Warren stared at the phone for a beat longer, hovering his thumb, the weight of the call lingering. Then he tucked it back into the glovebox, slammed it shut where his warrant card and cuffs were. Rain hammered the windscreen in violent bursts, flung sideways by a storm sweeping in off the sea. He killed the wipers and let the glass blur, water streaking into distortions and smearing the world beyond. Maybe if he obscured his vision enough, he might muddle his thoughts too.

Then something moved.

A figure by the school gates.

Hunched. Thin. No umbrella. No coat.

Jude.

He cradled a stack of papers tight to his chest, trying and failing, to shield them from the downpour. Rain soaked his sleeves, darkening the fabric, flattening his hair to his forehead. Only a teacher who gave a shit would carry all that without a bag. He wasn’t heading to the car park, either. No keys in hand. No lift. Trudging towards the footpath, pushing into the storm as if he meant to fight it.

Warren leaned forward, breath misting the glass.

What the hell are you doing?

He didn’t know if the question was for Jude. Or himself.

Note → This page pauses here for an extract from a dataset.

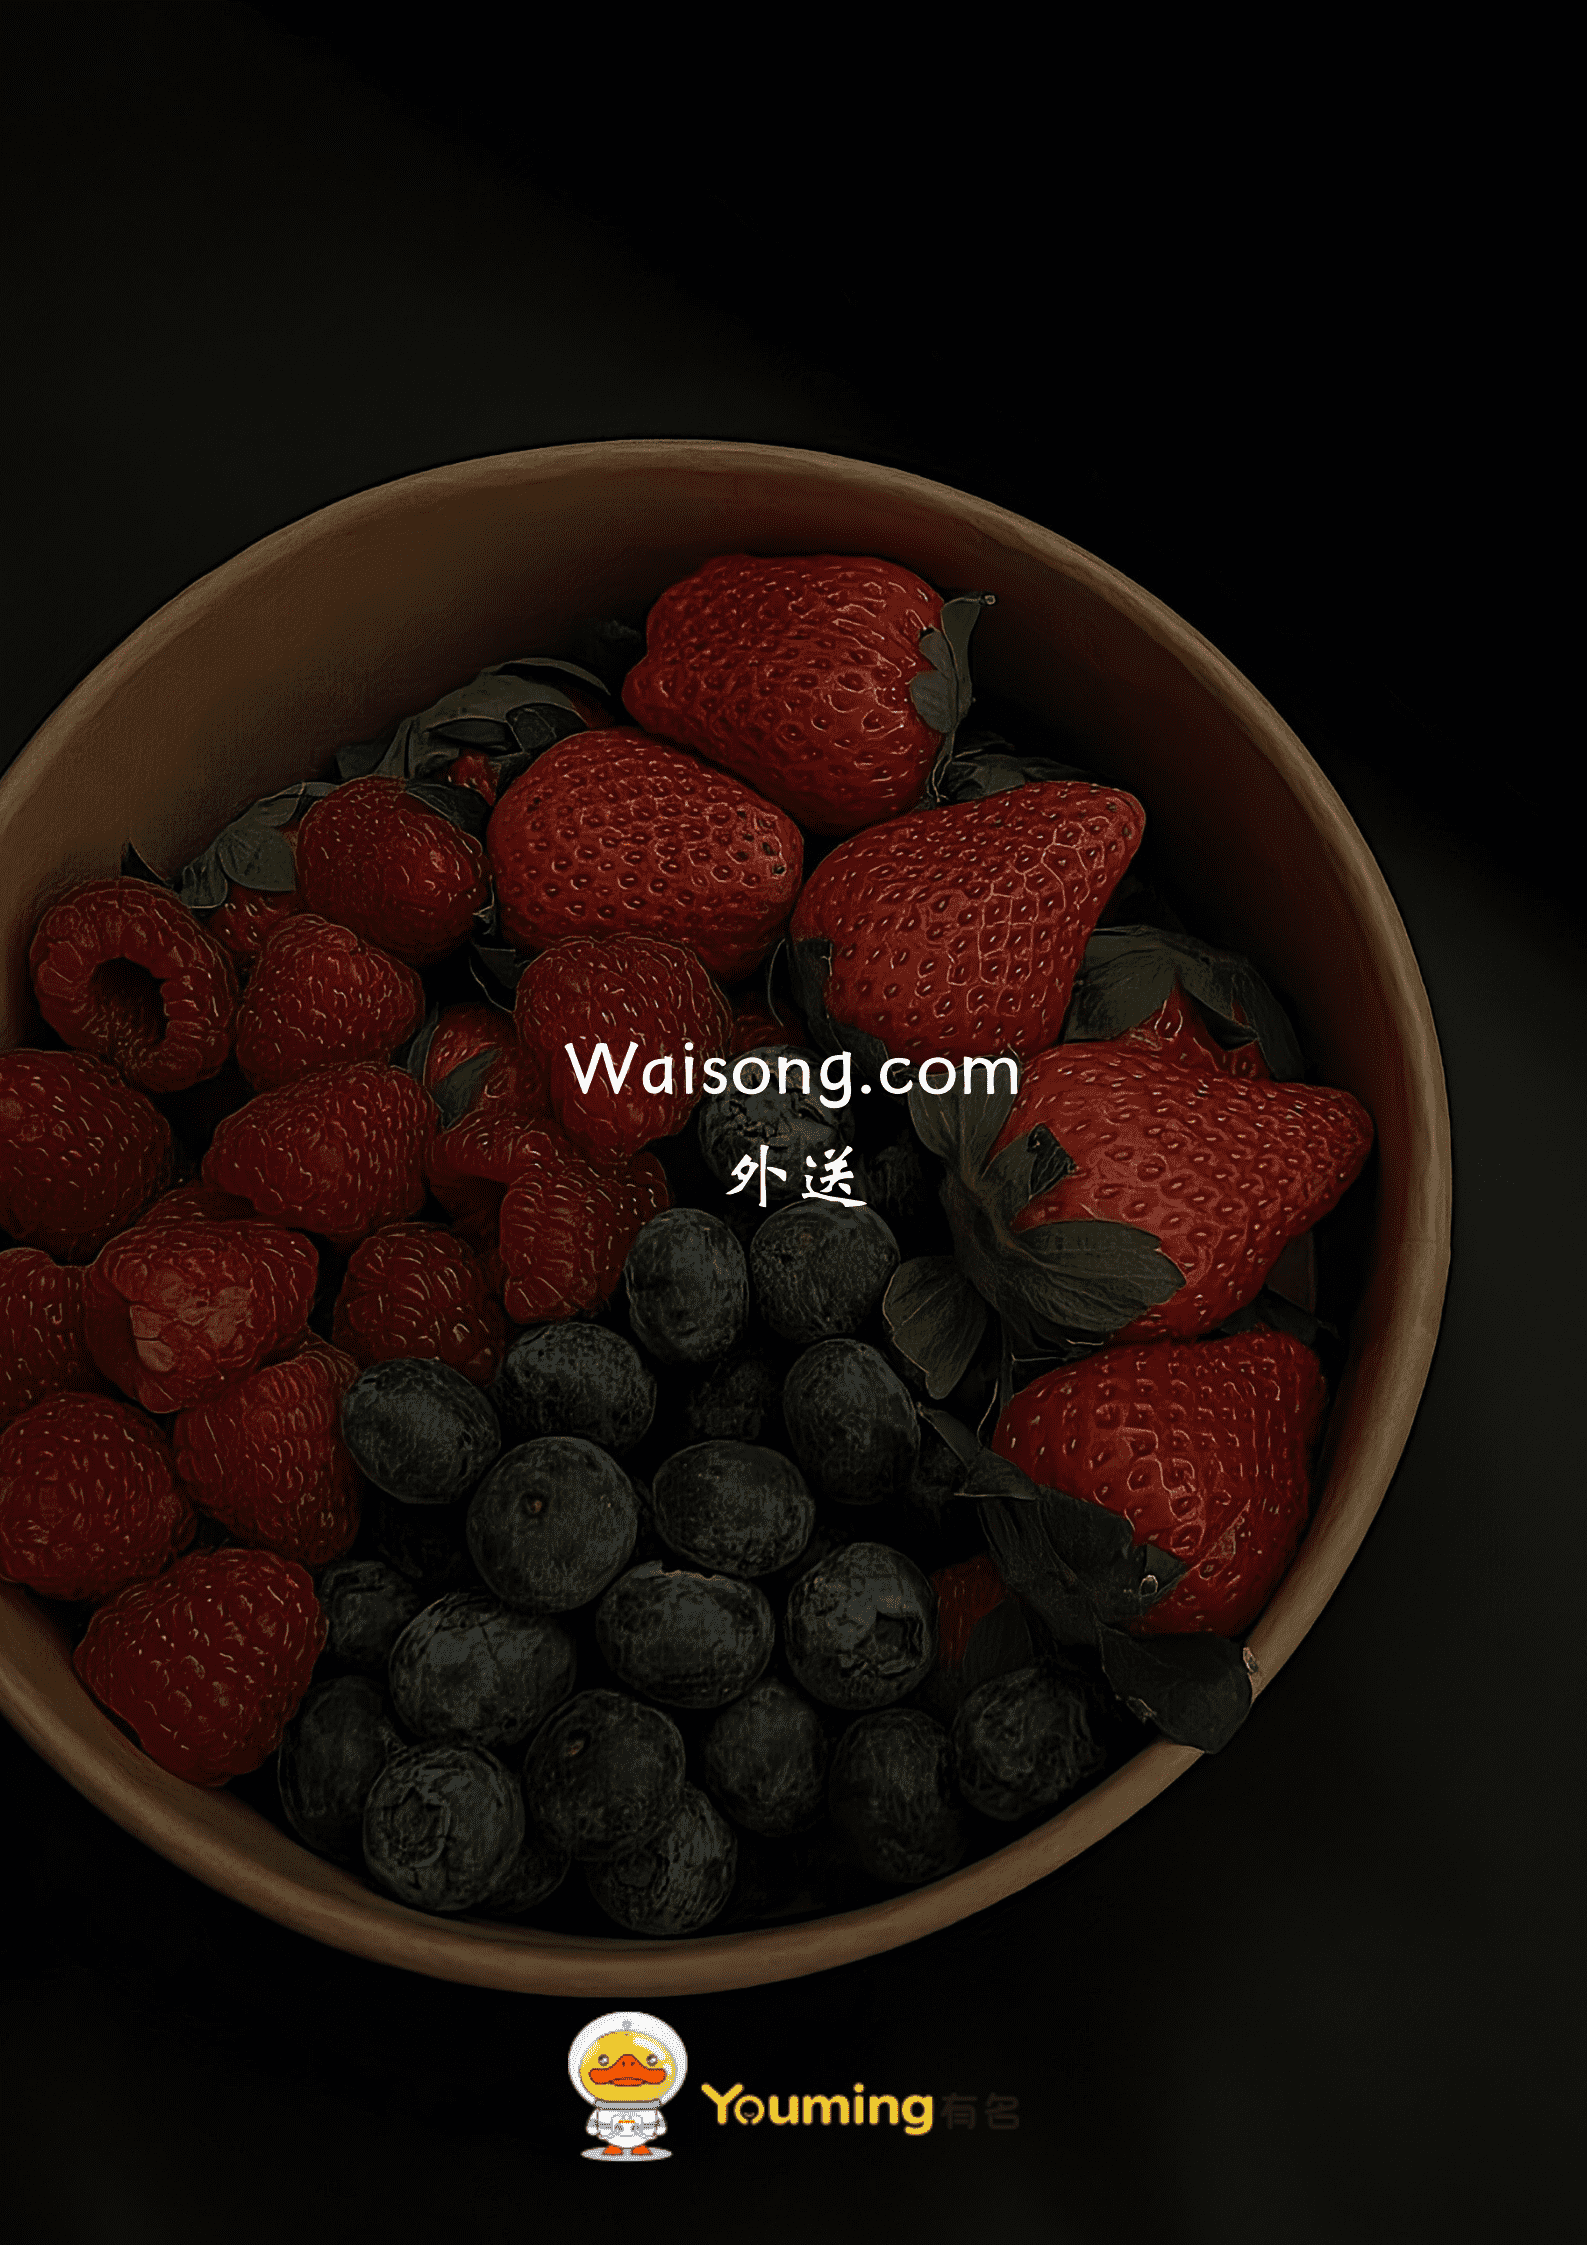 waisong.com

But whatever… he muttered a curse under his breath, switched the MG into gear, and rolled forward until he waslevel with Jude at the gate. He hit the window switch, the glass lowering. “Hey, Jude.”

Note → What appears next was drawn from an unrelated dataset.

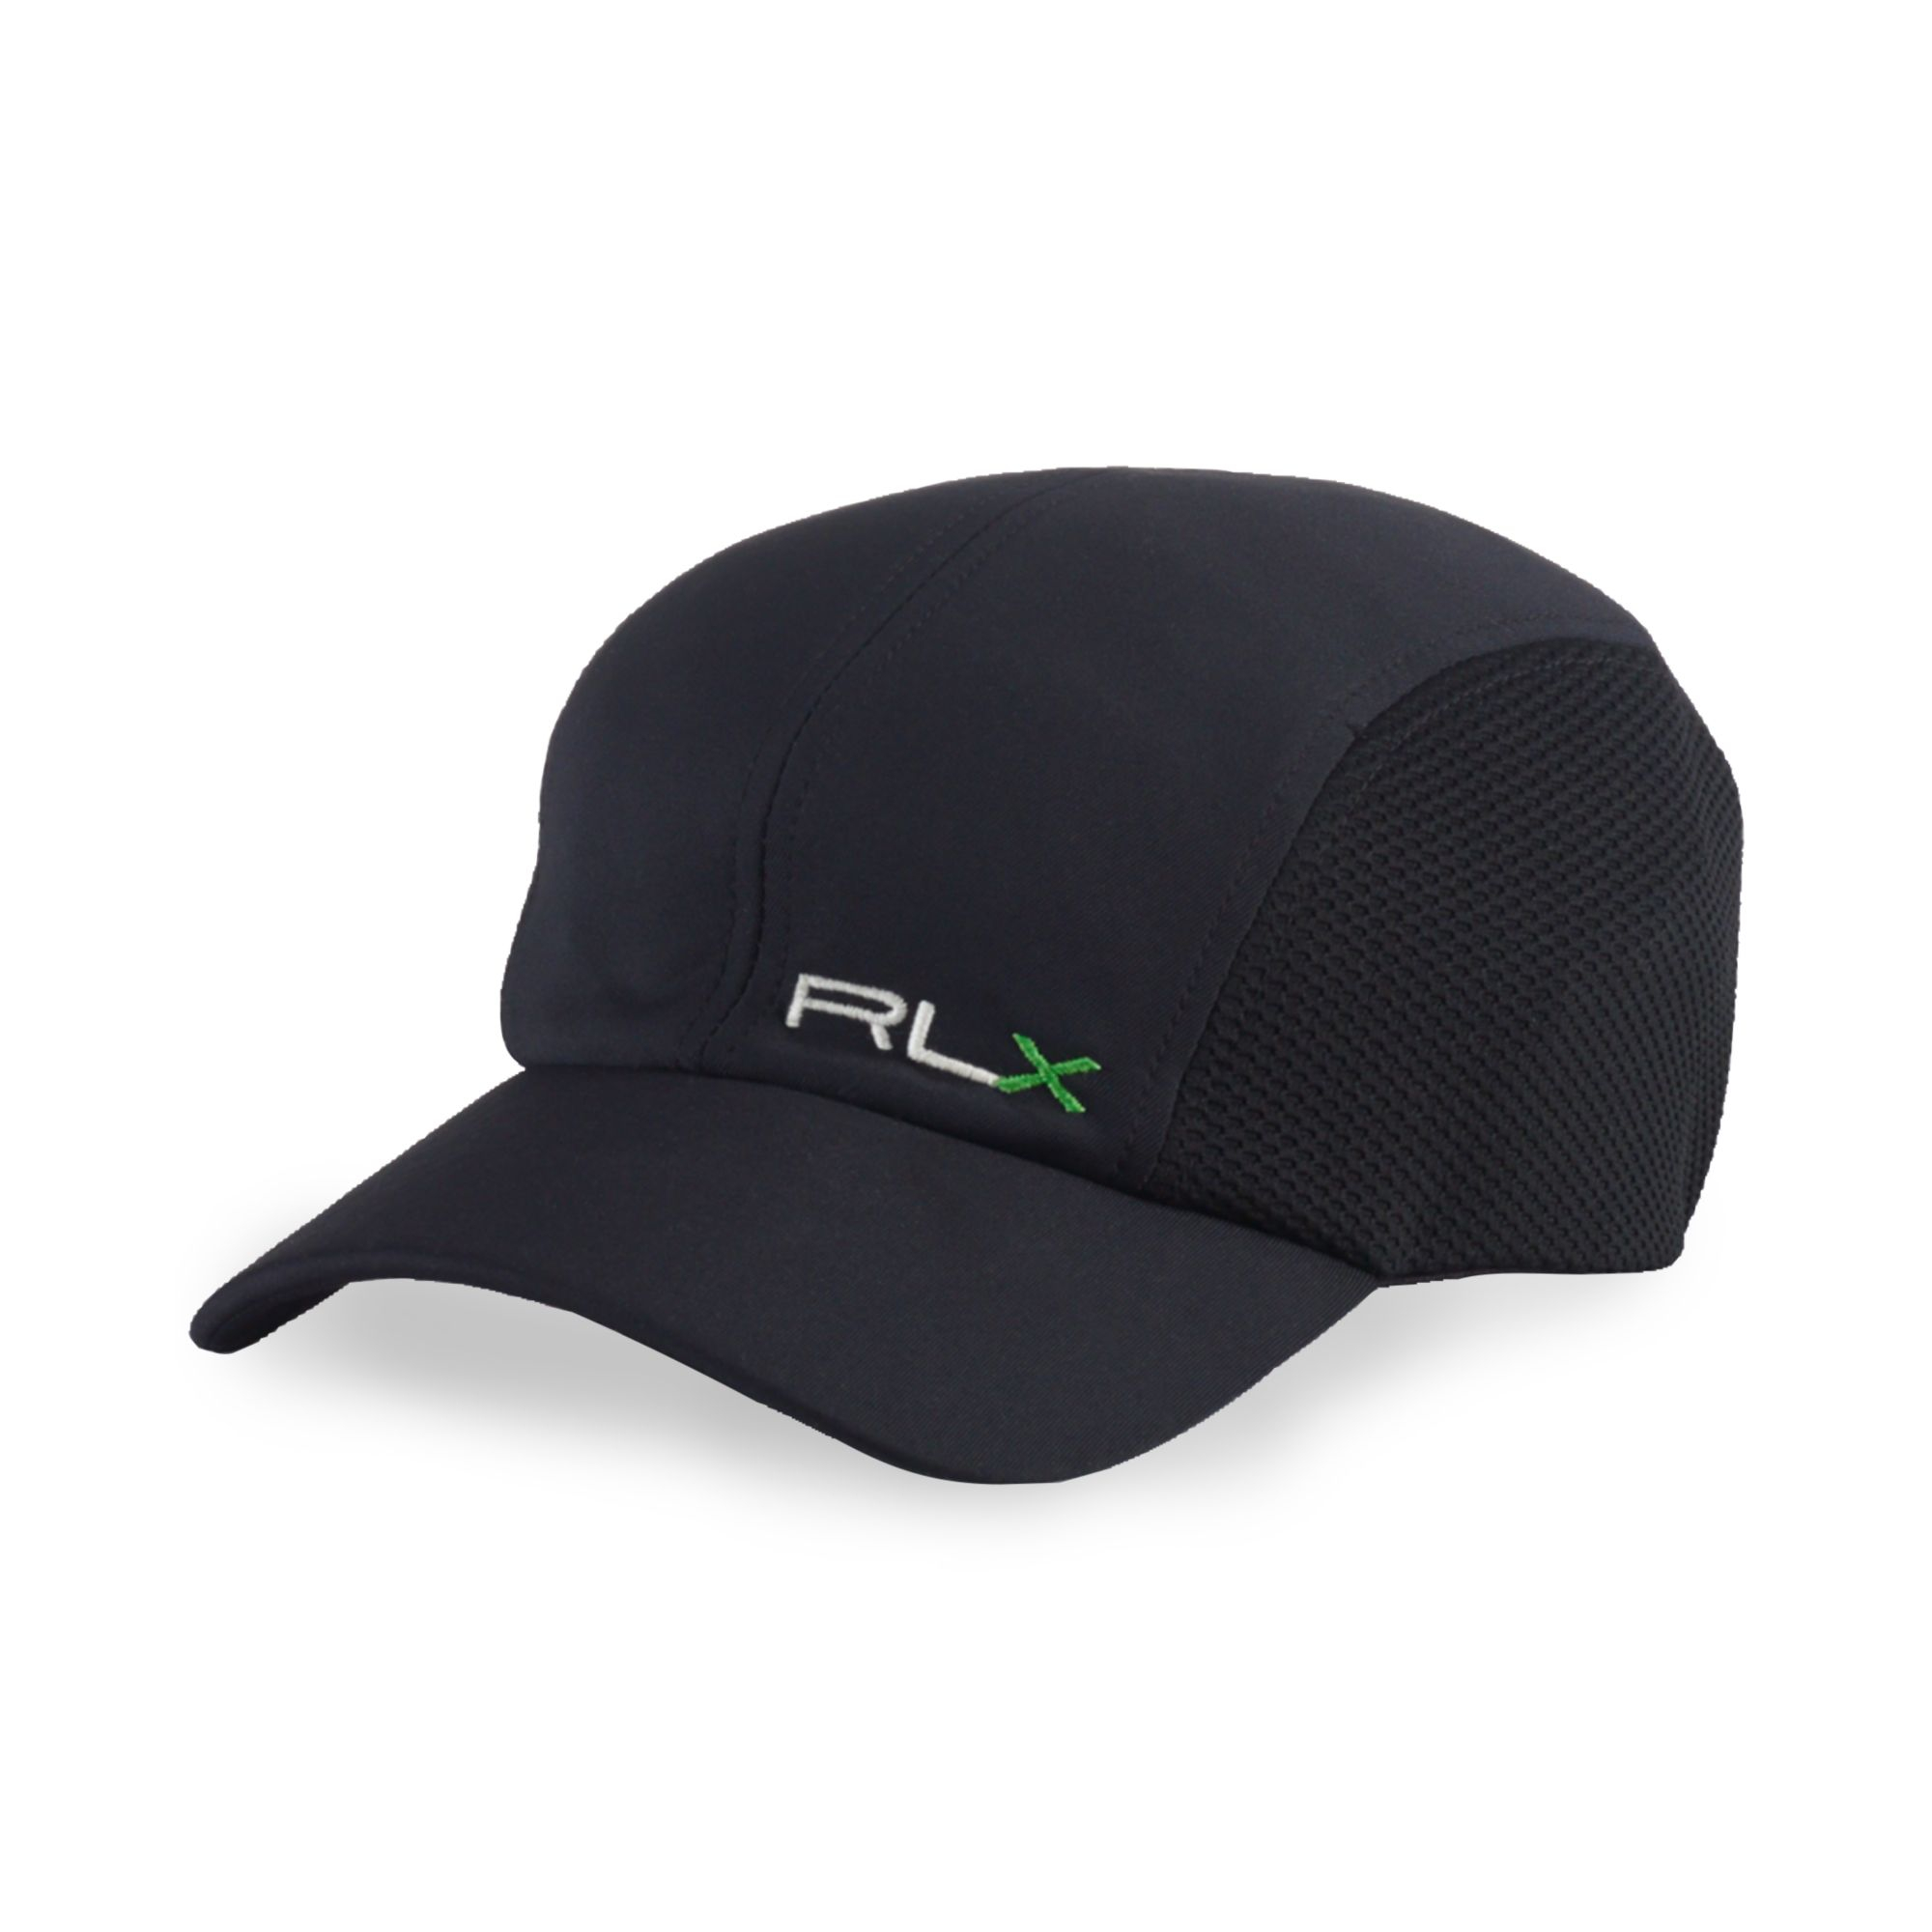 Ralph Lauren Polo Rlx Eco Cap in Black for Men - Lyst

He made a point not to sing it, though the corner of his mouth twitched.

Jude flinched at the voice, startled, half a ream of paper nearly slipping from his grip.

“Jesus.” Warren eyed the chaos in his arms. “What are you doing, building a paper raft?” He reached across, popped the passenger door. “Get in.”

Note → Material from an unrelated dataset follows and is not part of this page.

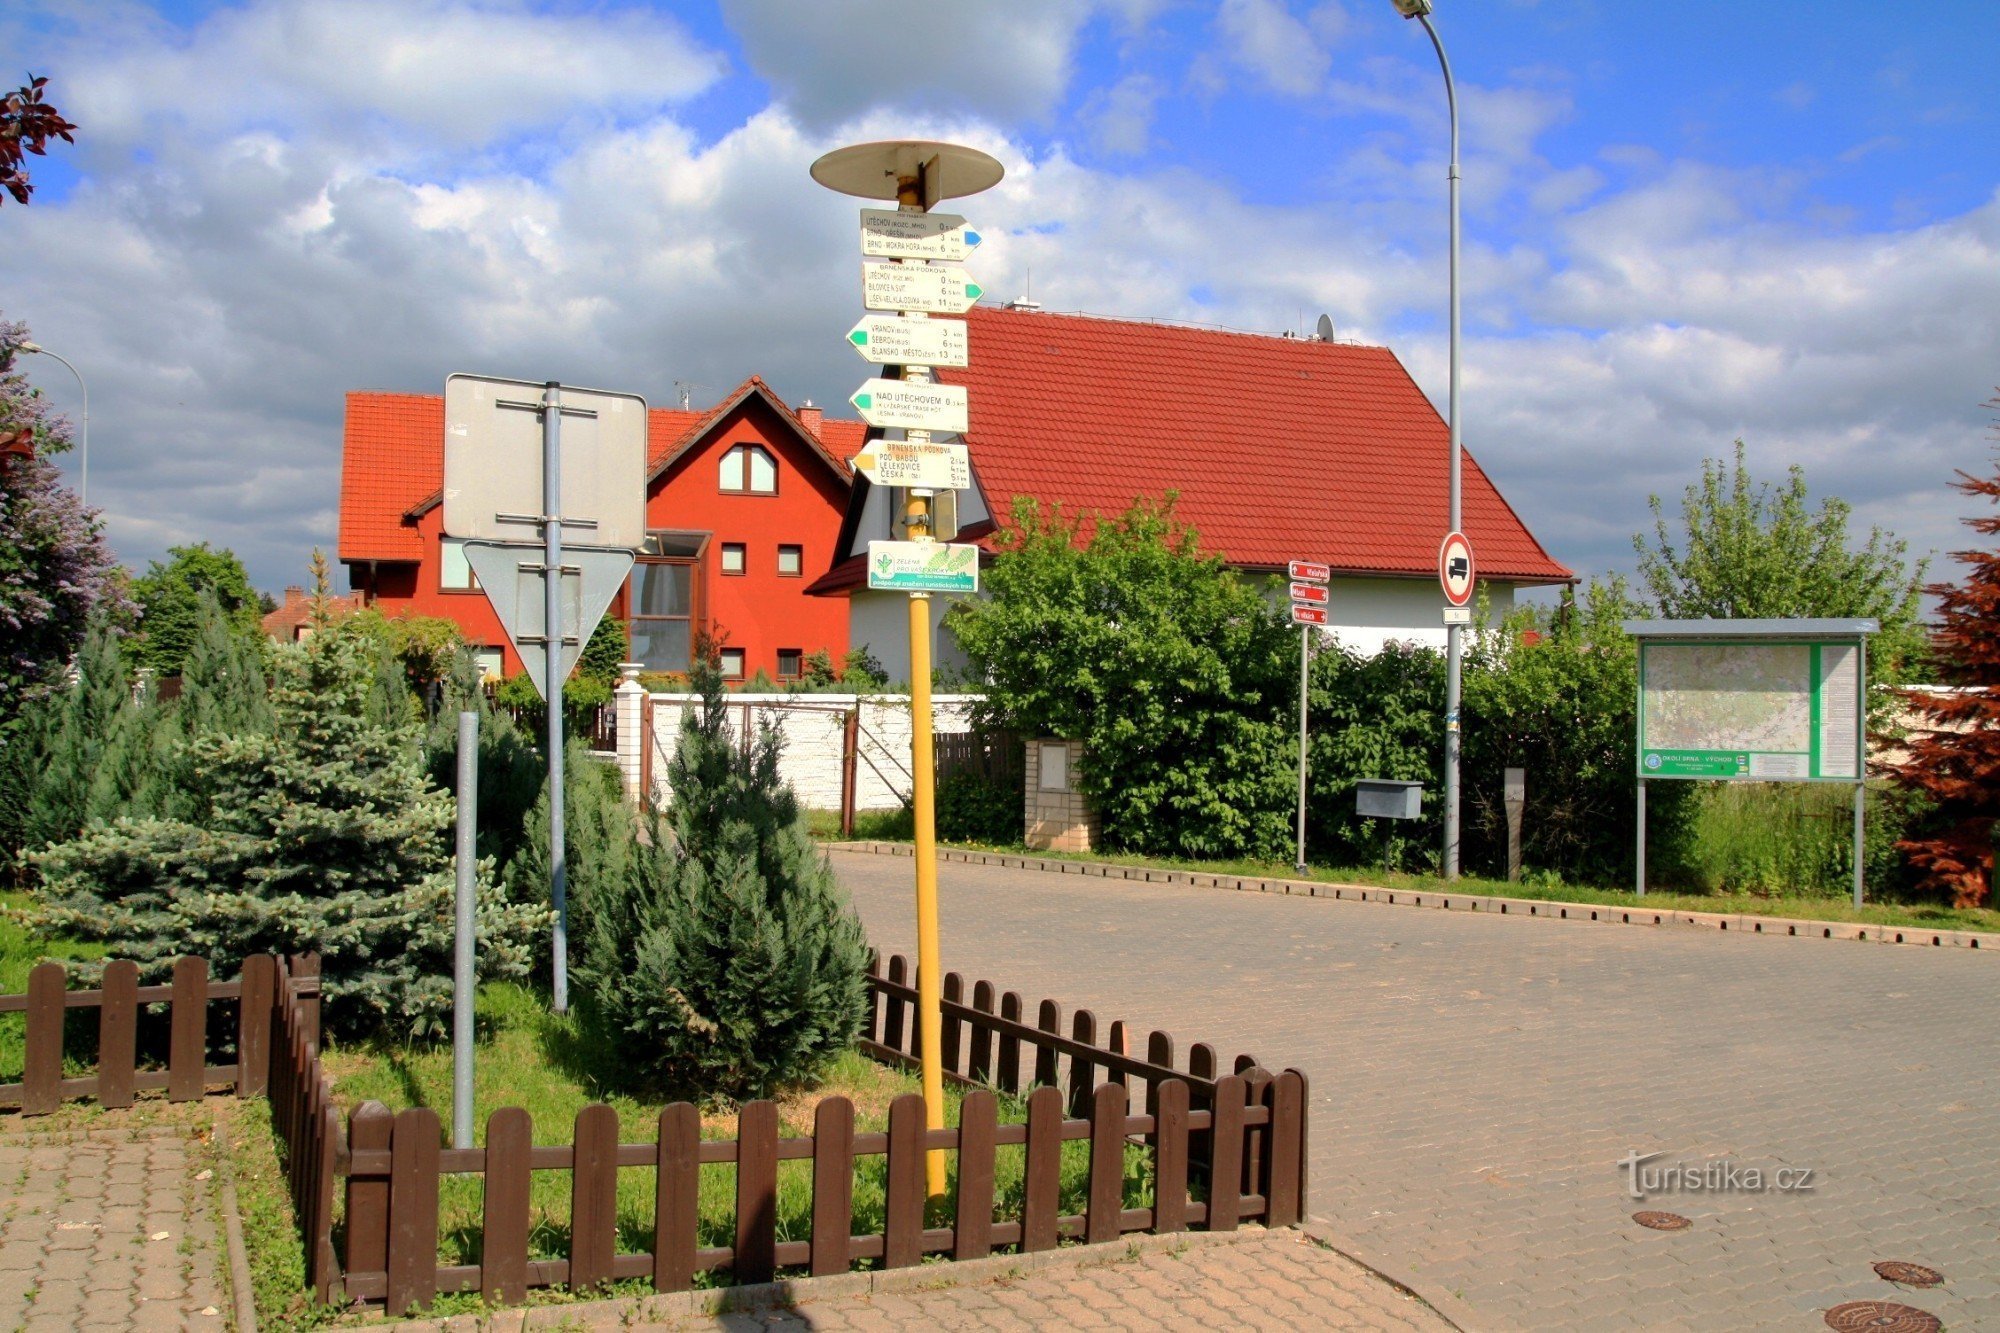 Τουριστικό σταυροδρόμι Brno-Útěchov

Jude blinked through the rainwater running off his nose. “Uh…”

“There’ll be an arc rowing past in a minute. Come on.” Warren unclicked his seatbelt, stepped out into the downpour, and jogged round the front of the car. “Why are you holding a shit ton of papers in this weather?”

Jude let him take half the folders, reluctantly. “Printer jammed. Had to photocopy everything twice. Then the caretaker locked the side entrance before I could get back in to dump it all.”

“Couldn’t you leave it in reception?”

“It’s Year Ten consent forms.” Jude tried to wipe his rain-slicked glasses on a sleeve which only made things worse. “Can’t leave them unattended.”

“Then you better get in.” Warren guided him towards the open door. “All that ink’s about to melt into papier-mâché.”

He dumped the stack into the backseat and jogged round to the driver’s side. The moment he slid into his seat, the heater kicked on full blast. The air filled quickly with the sharp scent of wet paper, damp fabric, and something faint underneath. Jude’s cologne. Clean. Woodsy. Subtle.

Nice.

Warren glanced over.

Jude was soaked through. His shirt clung under the blazer, sleeves plastered to his forearms, jaw tight from the cold and the fight of holding it all together. He shivered. So Warren leaned down beside Jude’s feet, rummaged through his gym bag, and came up with a clean towel.

“It’s unused.” He held it out. “Promise.”

Jude’s smile flickered. Tired, grateful, soft enough to hurt. “Thanks.”

He then pulled off his fogged glasses and set them on the dash, using the towel to wipe his face, his hair, tousling the soaked curls until they stuck up unevenly. Messy, human, beautiful in a way Warren hadn’t realised he’d been starving for until then.

“You might want to lose the jacket too.” Warren kept his voice gentle. Tone light. Careful. He didn’t want the wrong word or pitch to send Jude bolting into the storm. And if Jude could hear his thoughts right then, he would. Honestly, he probably should. “You can hang it on the hook. It’ll dry faster.”